Хотя подобные наблюдения убедительно показывают что обучение не играет здесь никакой роли, наследование столь сложных и целенаправленных форм поведения настолько отличается от всего известного нам, людям, по собственному опыту, что очень трудно отказаться от мысли об участии в таком процессе разума. Поэтому мы не должны игнорировать имеющиеся по этому вопросу данные. Вернемся к птице-термометру, которая, выйдя из яйца, производит именно такие движения, какие нужны для того, чтобы выбраться на поверхность кучи, а затем переходит к движениям иного типа, в результате которых попадает под защиту тени. Если птенца, вылезшего на поверхность, снова зарыть в кучу, он окажется совершенно неспособным выбраться оттуда еще раз и будет безуспешно копошиться там, пока не погибнет. При этом он будет производить те движения, которые нужны, чтобы добежать до тени, а не те, с помощью которых он вылез бы на поверхность. Точно так же можно убедиться в полном автоматизме действий гусеницы, вьющей поражающий нас своим совершенством кокон: если прервать ее работу в середине и незаконченный кокон удалить, гусеница не начнет еще раз сначала, а выполнит лишь оставшуюся часть работы, хотя изготовленная таким образом половинка кокона совершенно бесполезна для защиты. Осьминог, с такой «сообразительностью» строящий каменную стену, за которой он может сидеть, оставаясь невидимым, будет столь же энергично возводить ее из прозрачных кусков стекла, если этот материал окажется «под рукой».

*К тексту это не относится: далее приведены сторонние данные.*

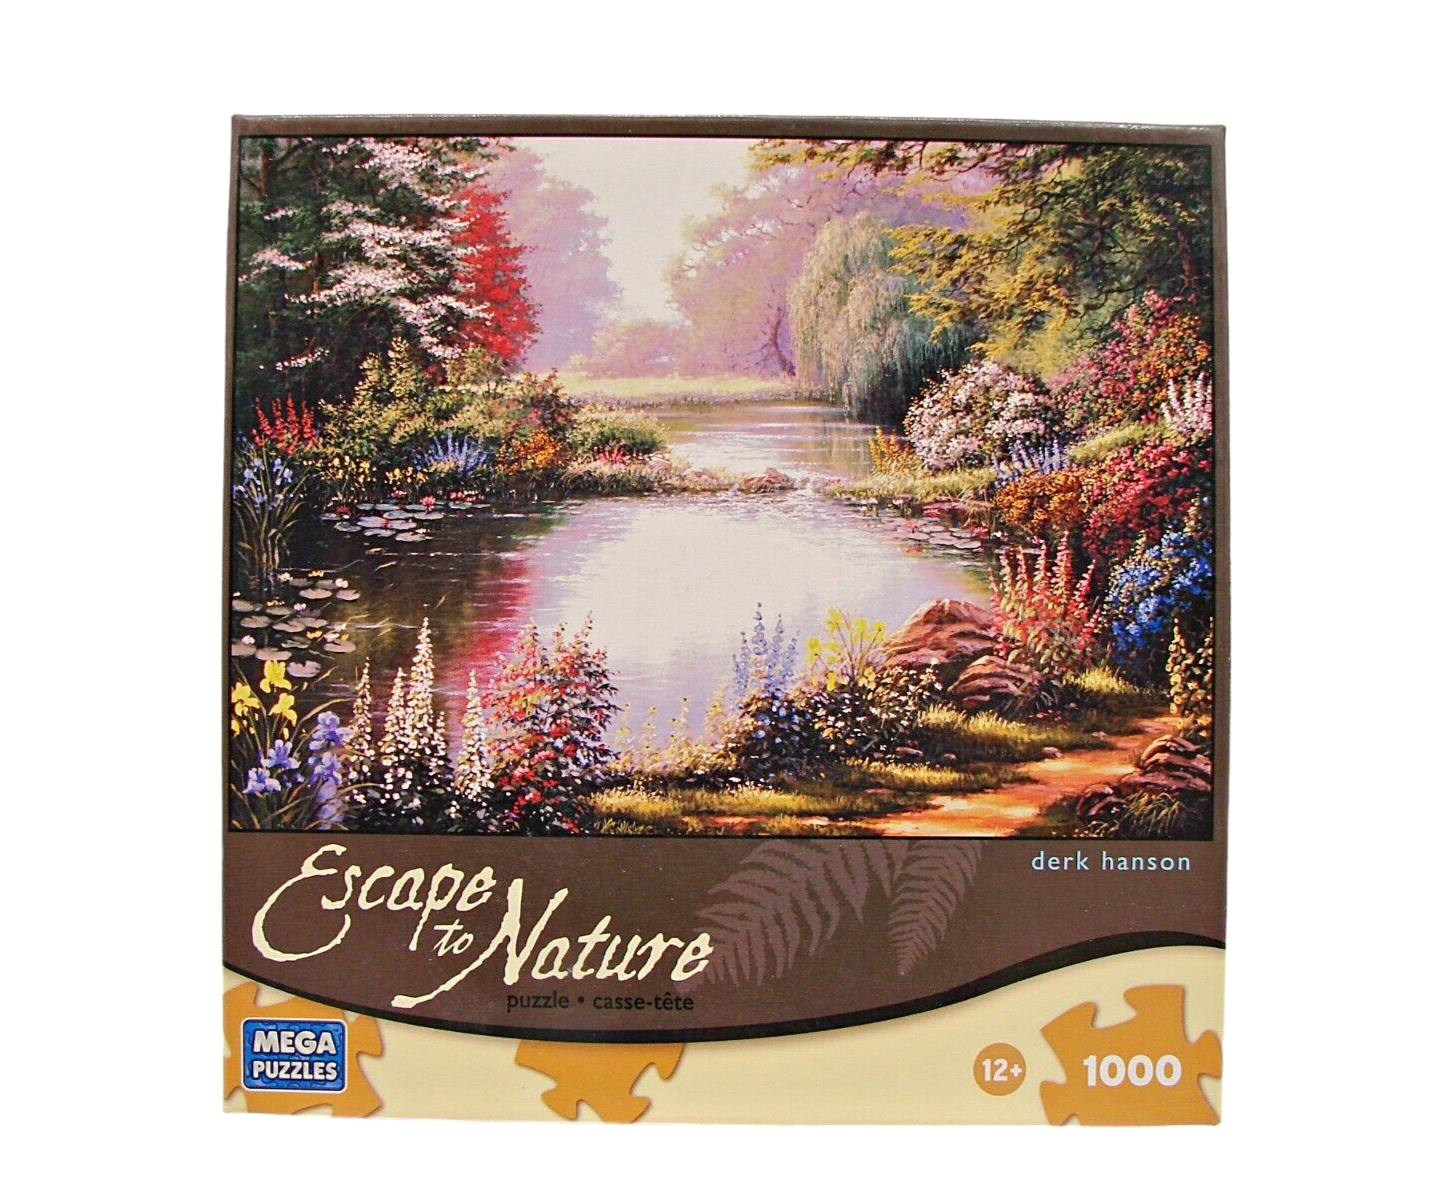 Primary image for Escape To Nature 1000 Piece Jigsaw Mega Puzzle Mountains Lake Floral Derk Hanson

В свете современных знаний единственно возможный вывод состоит в том, что эти специфические и детально разработанные формы поведения являются врожденными. Подробная схема межнейронных связей в головном мозгу животного определяется в процессе эмбрионального развития того же рода силами, что и те, которые определяют форму его тела, цвет кожи или перьев и миллионы других деталей, предусмотренных «проектом» его физической конструкции; и программируемые при этом формы поведения не менее характерны для вида, чем такие явно физические признаки, как размеры, форма и окраска.
«Разум» насекомых: программы, последовательно приводимые в действие
Особенно трудно объяснить на основе нашей гипотезы необычайно сложные формы поведения, наблюдаемые у некоторых насекомых, например у муравьев, термитов, пчел и ос. В течение многих лет они поражали человека. Он усматривал в организованном поведении этих насекомых большое сходство с сознательными действиями, свойственными людям. Посмотрим, выдерживает ли эта интерпретация критический анализ, или же наше представление о врожденных, фиксированных нейронных схемах и здесь лучше согласуется с фактами.
Рассмотрим, например, поведение одиночных ос. Когда приходит время откладывать яйца, оса Sphex роет норку и отыскивает сверчка, которого она жалит таким образом, чтобы парализовать его, но не убить. Она втаскивает сверчка в норку, а затем улетает и больше не возвращается. Через определенное время из отложенных яиц вылупляются личинки: они питаются тканями парализованного сверчка, который не разложился, так как оса использовала свой яд с той же «целью», с какой мы пользуемся холодильником. Столь четко организованная и на первый взгляд целенаправленная процедура невольно вызывает у нас представление о логике и рассудительности, пока мы не исследуем ее более подробно. Тогда мы узнаем, например, что оса приносит парализованною сверчка к норке, оставляет его у входа, заходит внутрь, чтобы убедиться, что там все в порядке, вновь выходит и затем втаскивает сверчка. Если за то время, пока оса производит предварительный осмотр норки, отодвинуть сверчка на несколько дюймов, то оса, выйдя из норки, снова подтащит его к входу, но не внутрь, и еще раз повторит подготовительную процедуру — зайдет в норку, чтобы проверить, все ли в порядке. Если в это время еще раз отодвинуть сверчка, она снова подтащит его к входу и опять вернется в норку для окончательной проверки. Ей никогда не «придет в голову» сразу втащить сверчка внутрь. В одном опыте эту процедуру повторяли 40 раз с одним и тем же результатом.